No, it's not a pry with sauerkraut: It's the Pry Development Environment, silly!

The Ideas

An editor is a good "home base" for traditional development, because the whole mentality is file-based storage and pre-compile-time editing. There is more information avialable at run-time, so (theoretically) it's a better place to do work. Pry is, as far as I know, the bleeding edge of run-time environments overlaid on top of file-based environments (that is, if you want the full force, try out Pharo Smalltalk — but Smalltalk is too radical, so people don't generally use it.)

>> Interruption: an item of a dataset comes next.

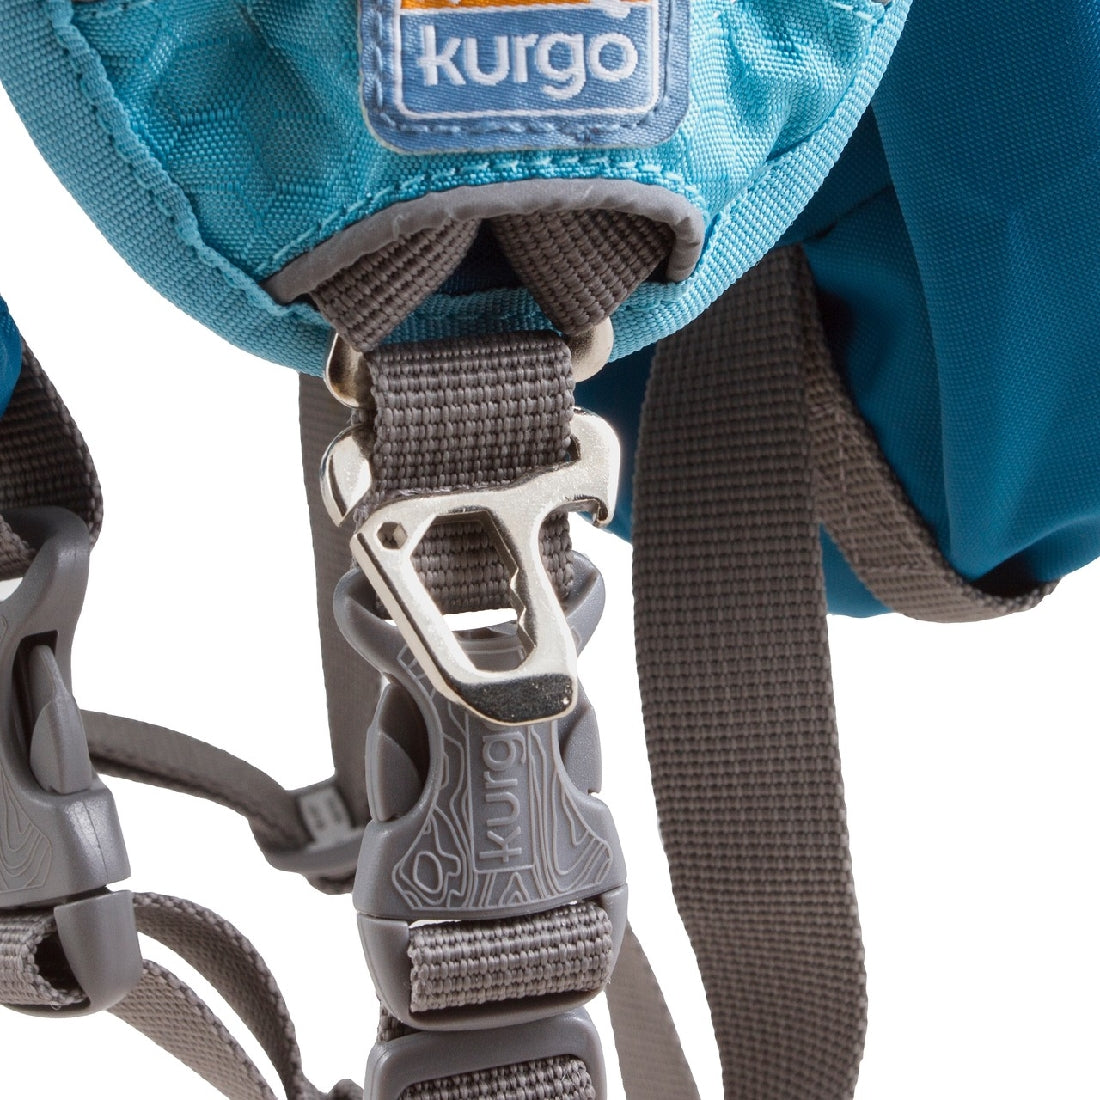 Kurgo Dog Backpack Big Baxter Coastal Blue-Ascot Saddlery-The Equestrian

  1. The runtime, compiletime, and edittime are all implementation details. It's just time, and the programmer should be free of the boundaries between them.
  2. The programmer and user roles are arbitrarily distinguished. There's just a machine and some people who work on it. Each person that touches the system should be able to add their own kind of value, and should be able to upstream that contribution.
  3. The tests and implementation are two sides of the same coin. Separating them is a mis-step.

The Task

The key elements seem to be:

  • Exception handling that brings you into the code rather than just quitting.
  • Interactivity so you can explore the API
  • Promotion so you can make temporary scraps become permanent on the filesystem, eventually to VCS.

It's about tightening feedback cycles: shortening the time between when you have a question and when you get the answer.

What We Have

Integration from editor toward REPL:

  • emacs through Mon Ouïe's ruby-dev.el
  • vim:
    • pry-de's vim file
      • <leader>bp to add require'pry';binding.pry
      • bpry from Insert Mode (to do the same thing)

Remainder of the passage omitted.